The world of international trade typically moves quickly, but there is no denying this week has been busier than normal for Keir Starmer and business & trade secretary Jonathan Reynolds.

Following a years-in-the-making “historic” free trade agreement with India on Tuesday – which will see British food and drink producers benefit significantly from the lowering of prohibitive tariffs on an array of products – the UK has now also fallen in the good graces of Donald Trump, who has announced a “full and comprehensive” deal with Britain that will “cement” the countries’ “special relationship”.

For the Labour government, both are evident victories that will improve the health of the UK economy. But is any win really a win? The reality is the two trade deals are extremely different – and will therefore bring different gains to the economy. So what are the nuances of these landmark announcements?

India trade deal

The India FTA essentially constitutes the biggest bilateral trade deal that the UK has signed since Brexit. It has involved a number of meetings led by several ministers across different governments over the years, showing the complexity of what it entails and how long it took to fine-tune it.

It will see India lower or cut tariffs worth over £400m when the deal comes into force, which would more than double to around £900m after 10 years, DBT estimated.

Some of the biggest beneficiaries include food and drink manufacturers – particularly scotch whisky, gin, salmon, lamb, confectionery and chocolate, soft drinks and biscuits – who already exported nearly £300m worth of food and drink to India in 2024, according to the FDF.

The FTA will also “provide UK manufacturers with greater access to ingredients produced in India, strengthening the supply chain resilience and competitiveness for our sector”, FDF chief Karen Betts explained.

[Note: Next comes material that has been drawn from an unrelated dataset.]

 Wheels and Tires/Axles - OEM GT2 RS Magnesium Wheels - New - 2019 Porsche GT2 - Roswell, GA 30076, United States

UK-India trade is already worth over £40bn a year, and the government predicts this number will grow by a massive £25.5bn a year by 2040, boosting UK GDP by £4.8bn “in the long run”. For many, it is the opening of an entire new market, one that was previously made inaccessible by sky-high tariffs. And with India on track to become one of the biggest global economies in coming years, it is a whole new world of commerce that just opened, with significant opportunities up for grabs.

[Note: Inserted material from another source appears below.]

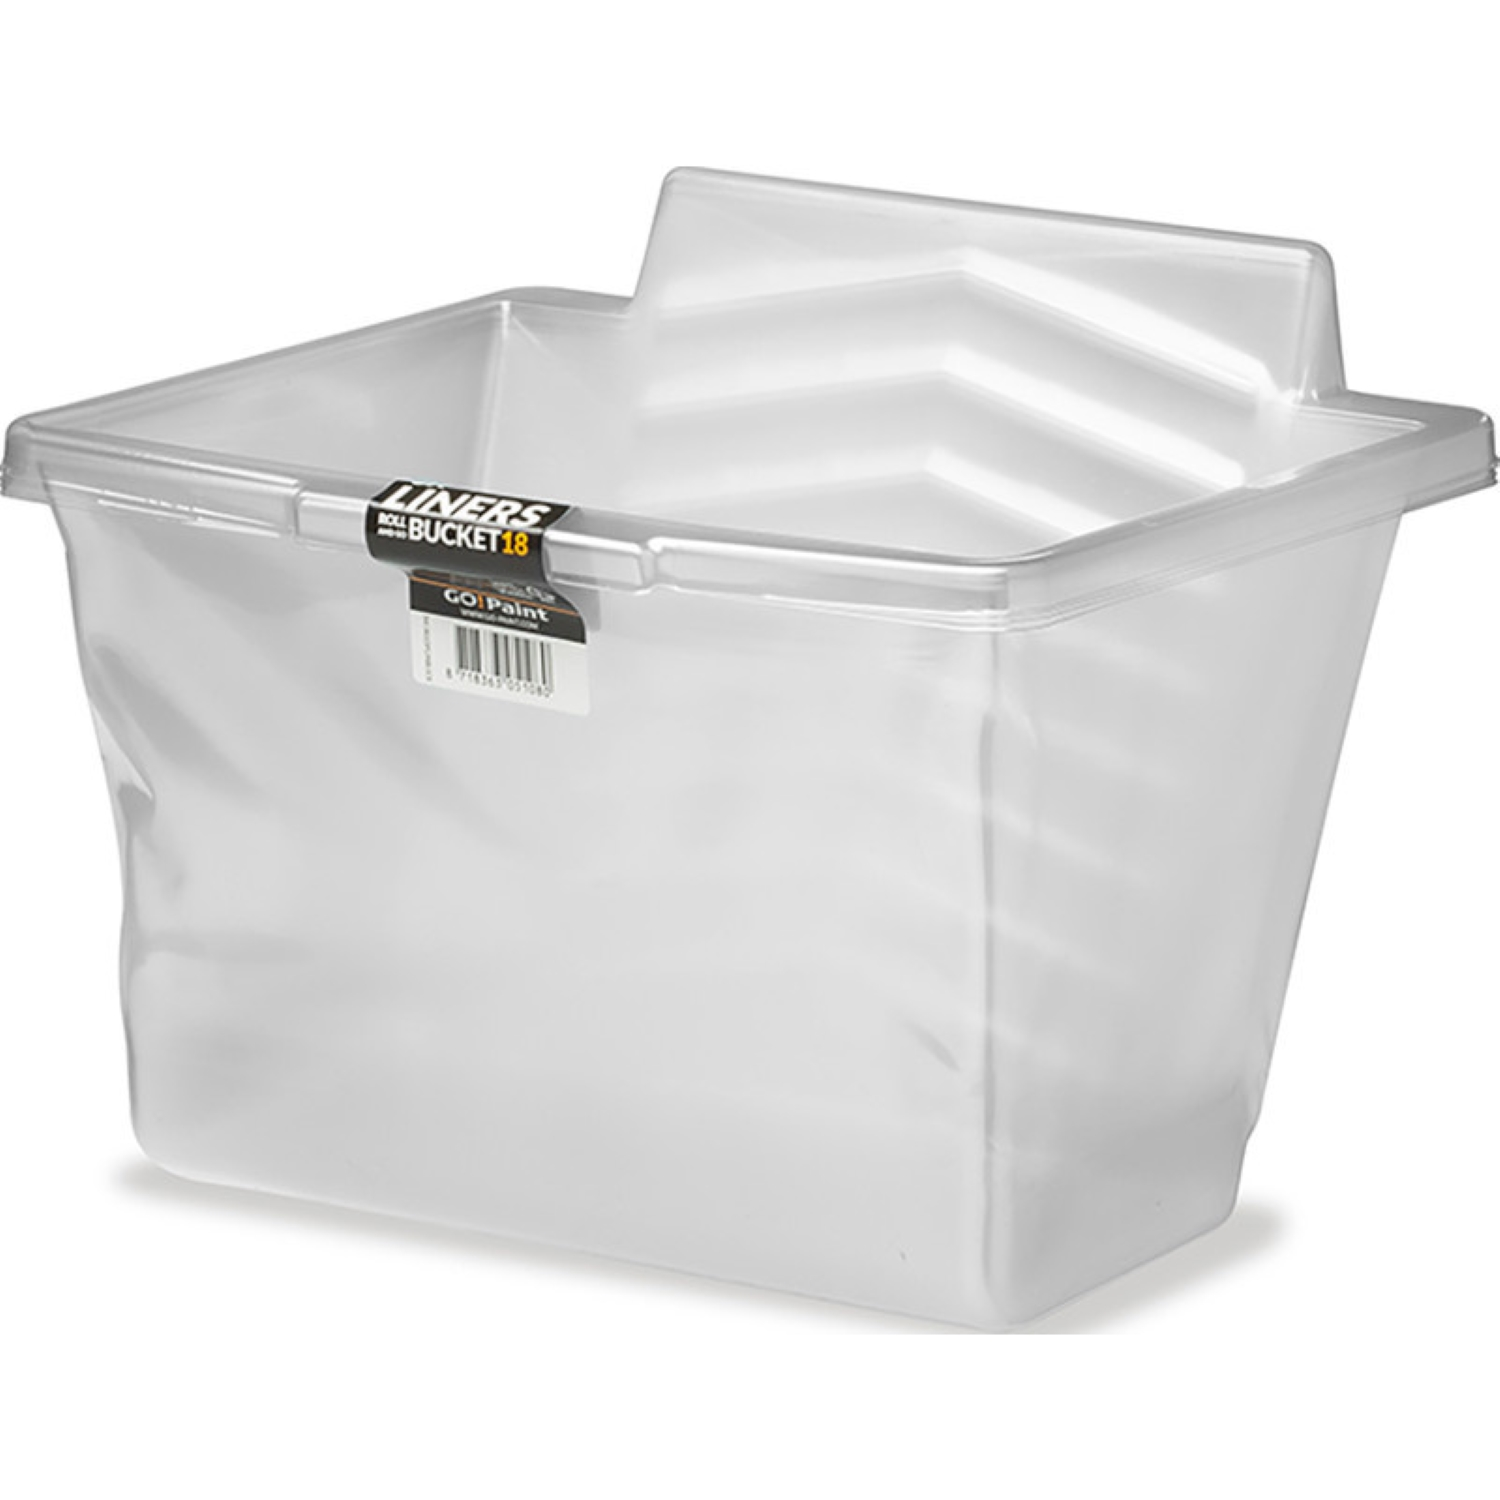 Go!Paint Roll And Go Liner tbv Bucket 25-image

It says a lot that even the toughest of communities to please – the NFU, of course – has called it “balanced and considered”.

US trade deal

The US trade deal, on the other hand, is much less complex and much more reactive. It is mainly the result of diplomatic efforts from the UK government to overturn or ease the economic pain caused by the tariffs unleashed by the Trump administration last month, rather than the product of well-rounded trade discussions that could equally benefit both countries.

And in many ways, it’s just a return to where relationships were two months ago, rather than providing any progress or constituting the post-Brexit win so many UK leaders have attempted over the years.

In this case, the NFU doesn’t seem too certain about the deal’s contents, urging government to not give up its high agriculture and food standards in exchange for a cut in car and steel levies after US officials claimed the deal would cover American beef exports.

The group’s president Tom Bradshaw also argued that a deal that offers “nothing more than the reduction or removal of tariffs which didn’t exist eight weeks ago would be an unimaginable failure”. And he’s not wrong.

EU relations and global economy

In the fanfare of Trump’s big claims, it’s also important to remember that, in the grand scheme of things, even if there was a full trade agreement with the US, the gains would still be “fairly modest”, according to the BBC’s UK political correspondent Rob Watson. Such a deal would represent a boost of 1% to the British economy – substantial, no doubt, but still incomparable to the 4% losses from Brexit.

This is why drawing a red line on things like chlorinated chicken and hormone-treated beef with the US is extra vital in the context of talks with the EU, which will surely be reluctant to trade with the UK if those products end up in our markets.

And in striking this deal, the UK is still not immune to the effects of Trump’s trade war with China, which will inevitably spill on to the global economy.

So in the lead-up to the “Brexit reset” summit, it is paramount that Starmer’s team bears these complexities in mind and remembers how other trade relationships are equally – if not more important – than the “special” one across the pond.